*Task requirements*
After locating the line with "RGPD e-Privacy données" below, output it and each following line exactly, stopping after the line with "Colapesce e Dimartino, il". No pictures.

*Recorded data*
^^^^^^^^^^^^^^^^

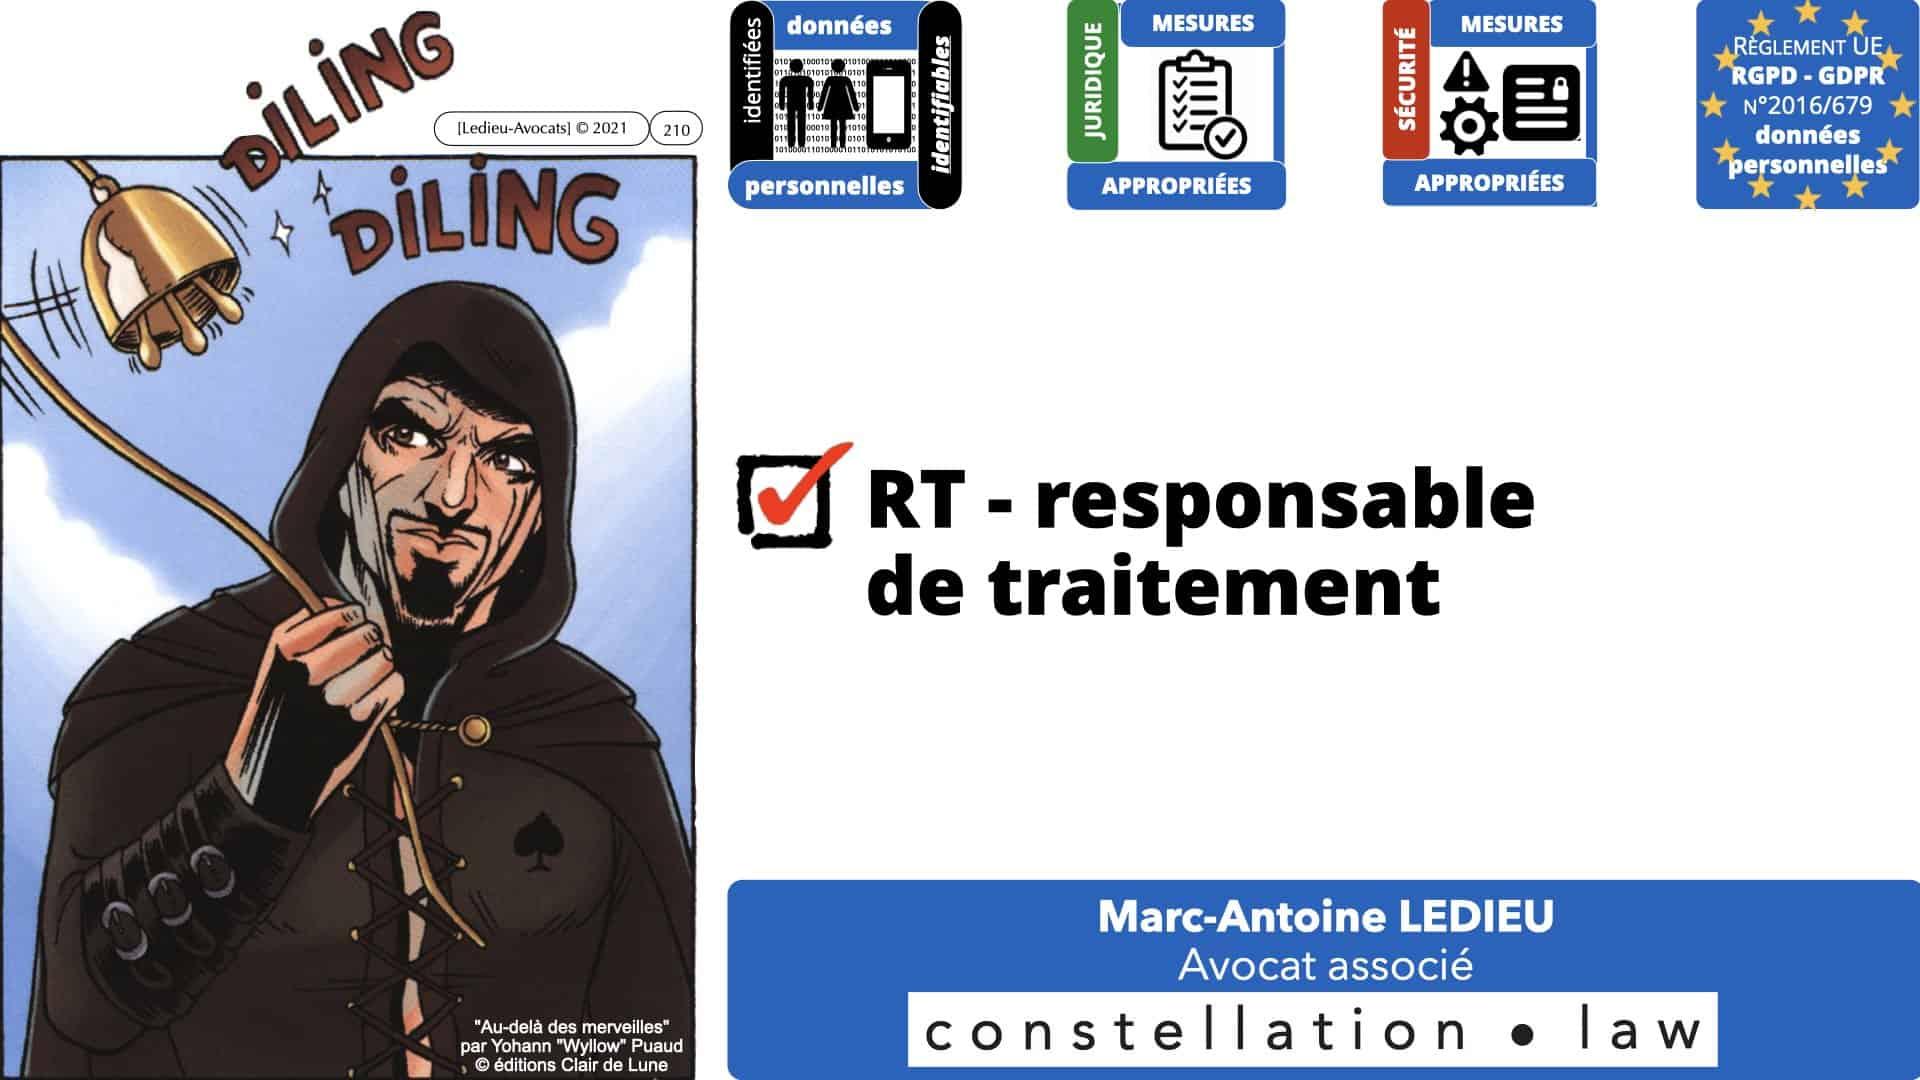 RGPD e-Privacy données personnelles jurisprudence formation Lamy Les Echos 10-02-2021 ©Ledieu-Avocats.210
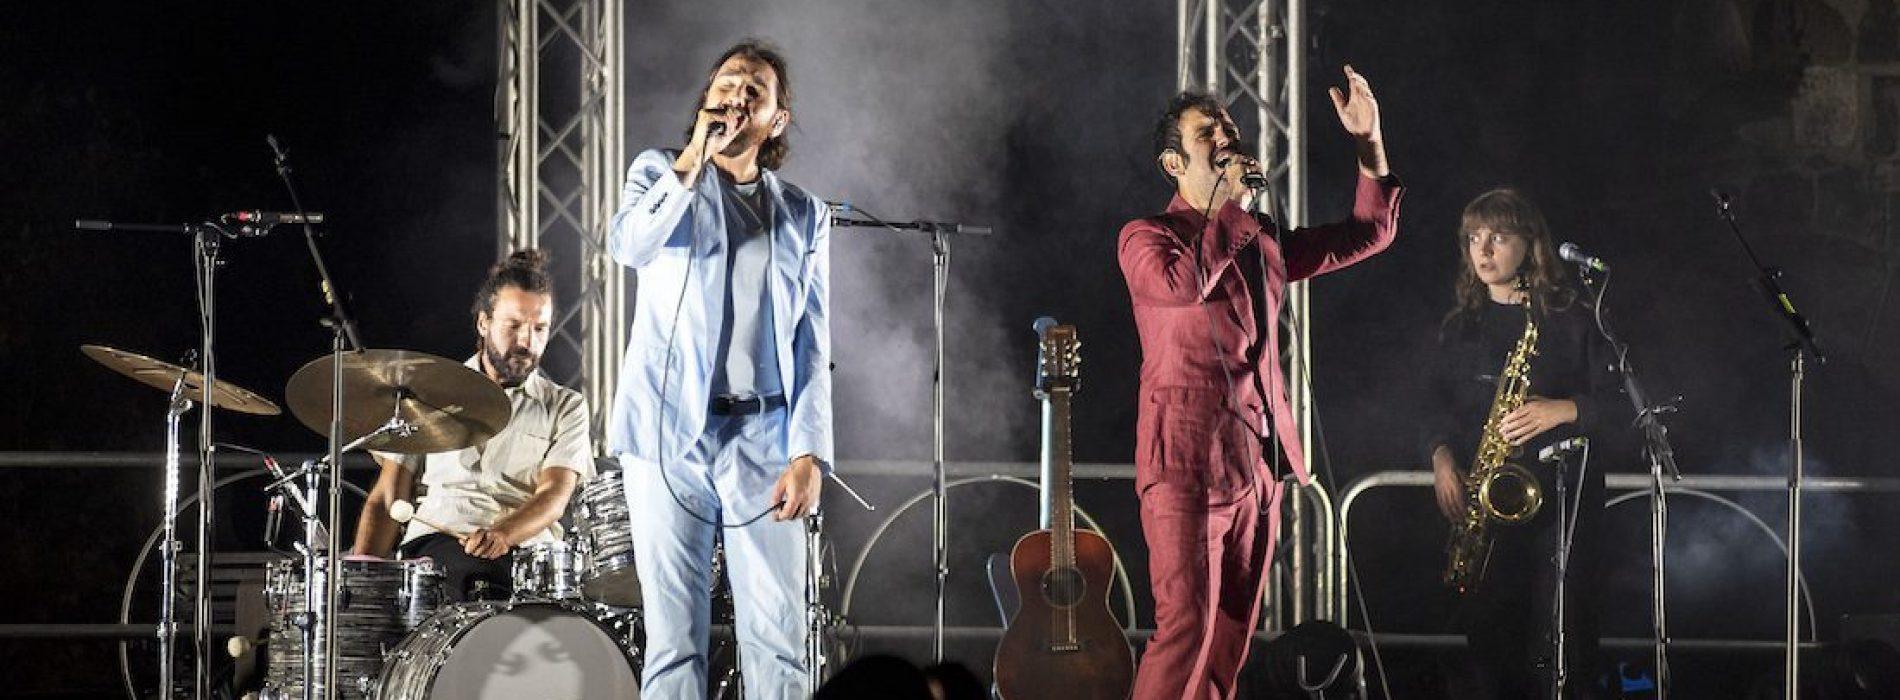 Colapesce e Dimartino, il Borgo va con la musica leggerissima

^^^^^^^^^^^^^^^^

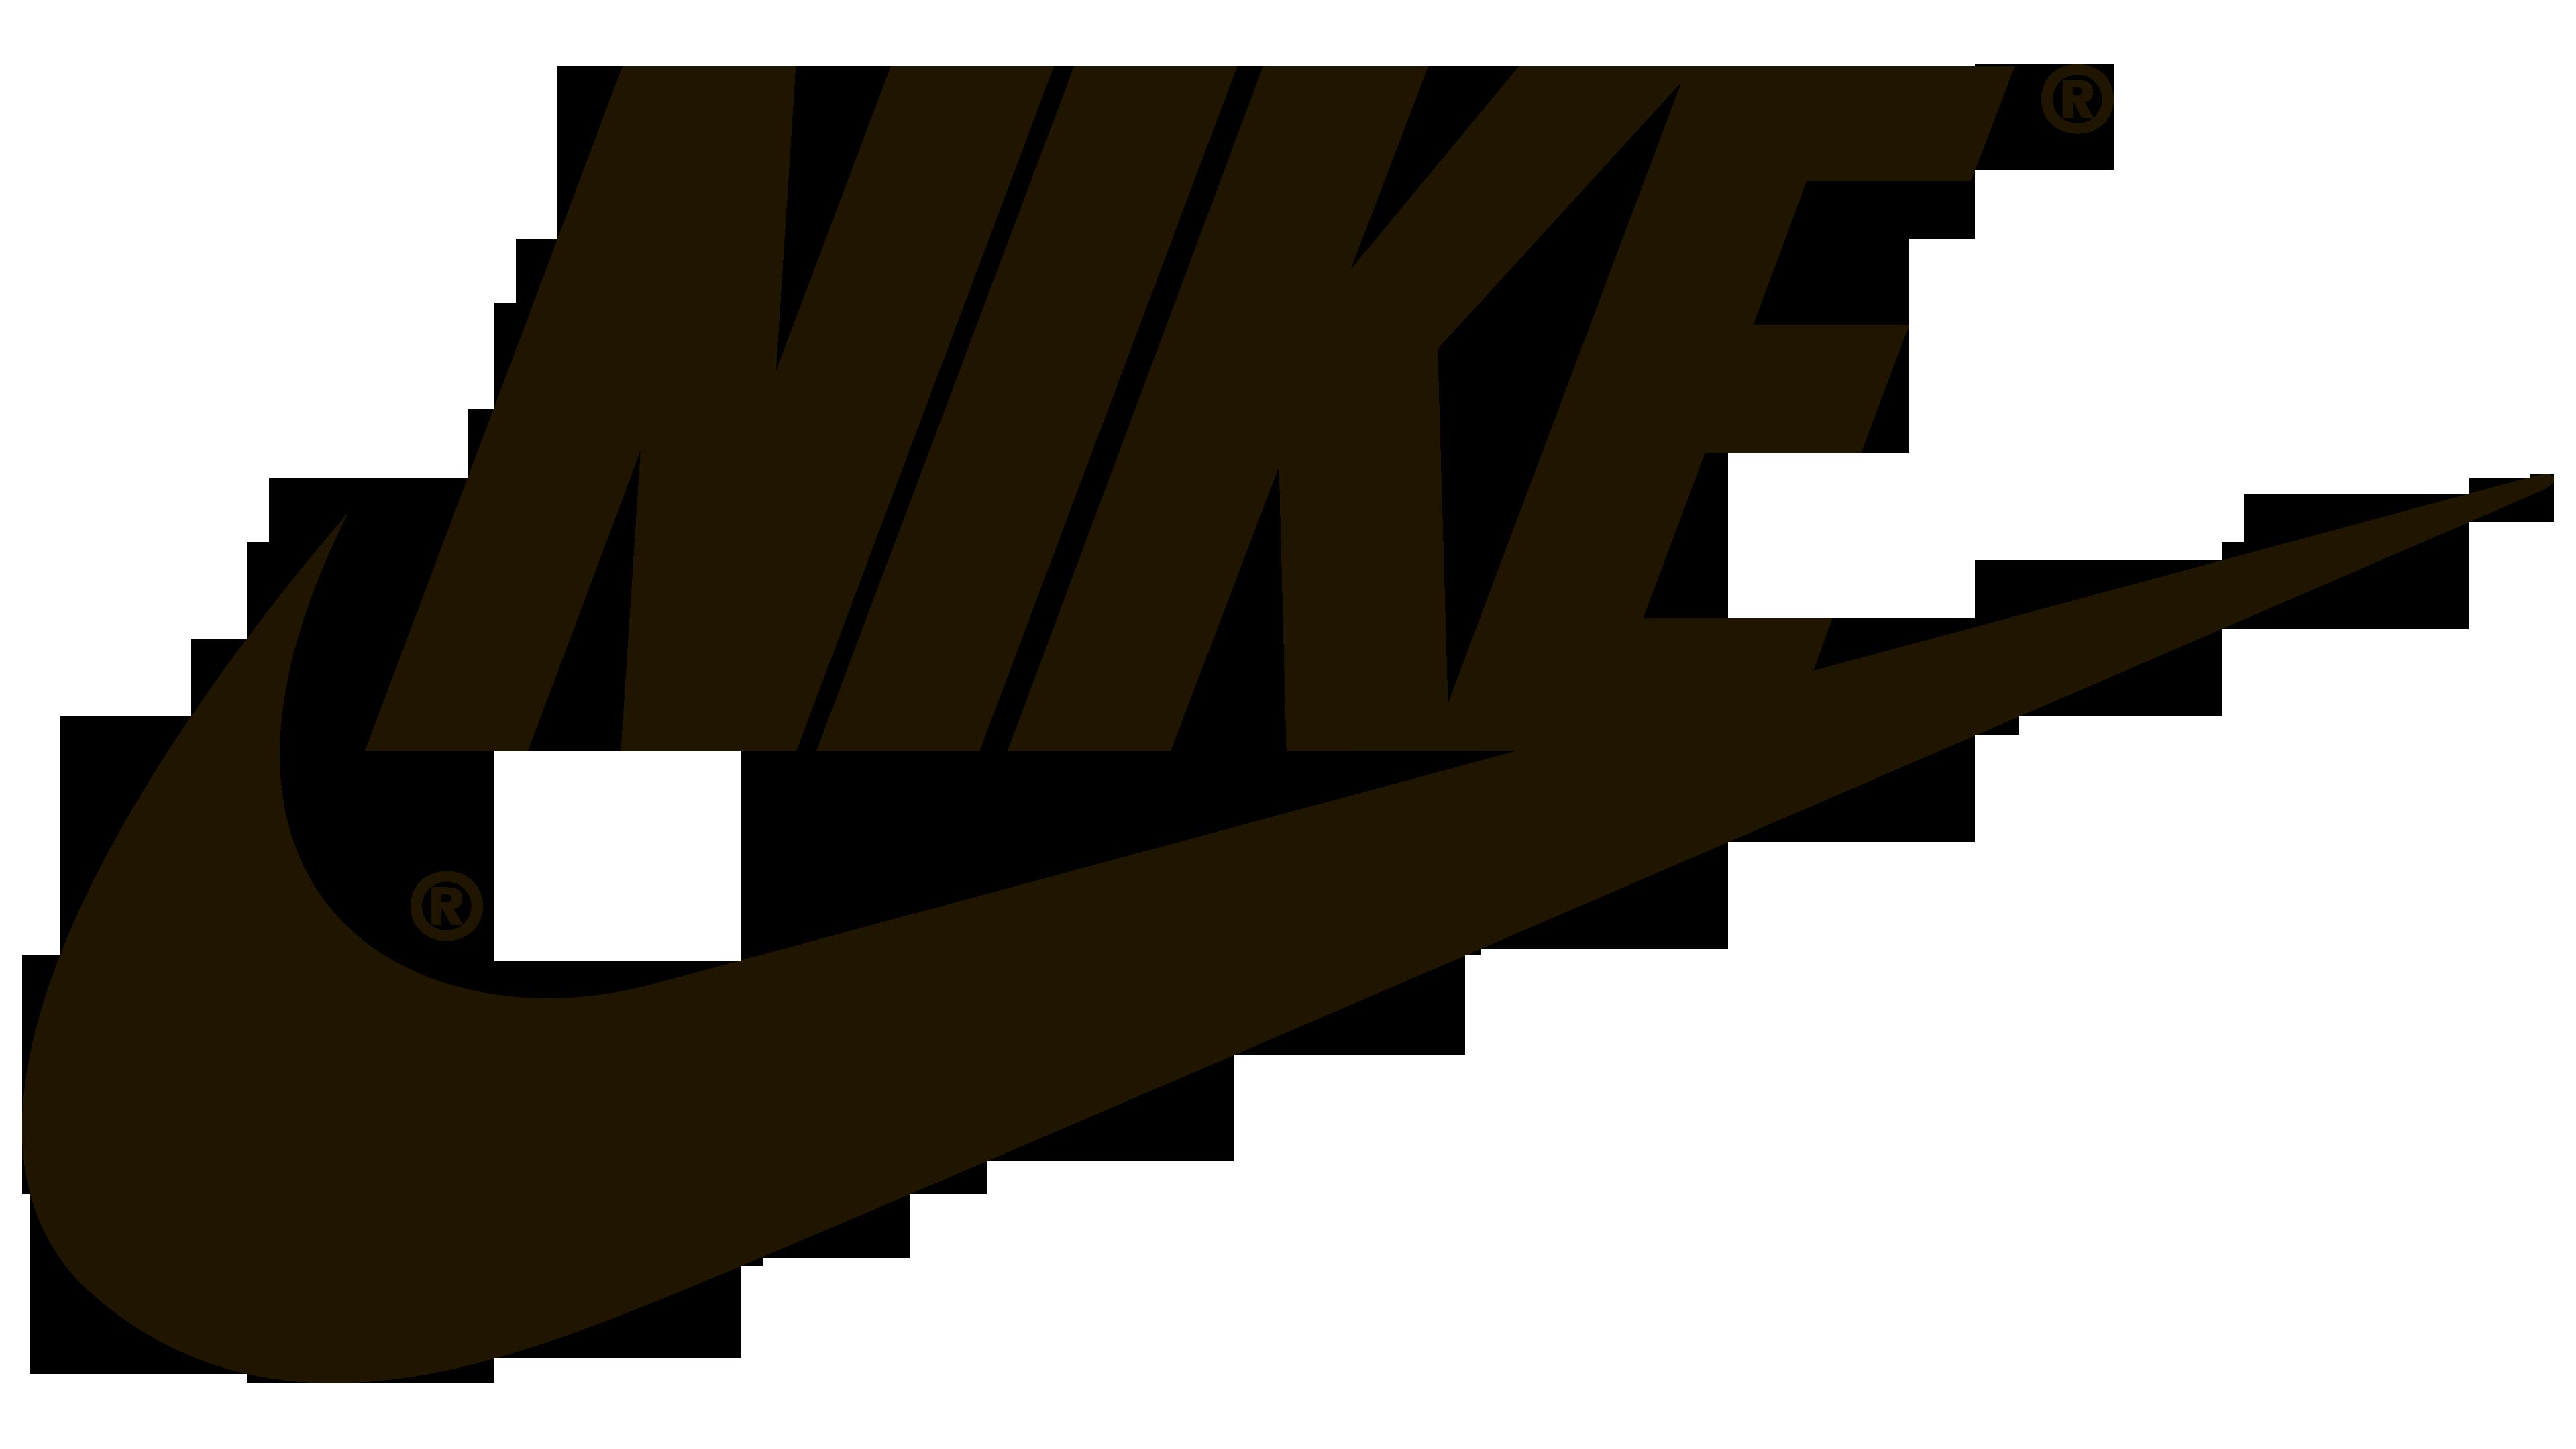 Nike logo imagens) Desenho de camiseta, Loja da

^^^^^^^^^^^^^^^^

*Expected answer*
 RGPD e-Privacy données personnelles jurisprudence formation Lamy Les Echos 10-02-2021 ©Ledieu-Avocats.210
 Colapesce e Dimartino, il Borgo va con la musica leggerissima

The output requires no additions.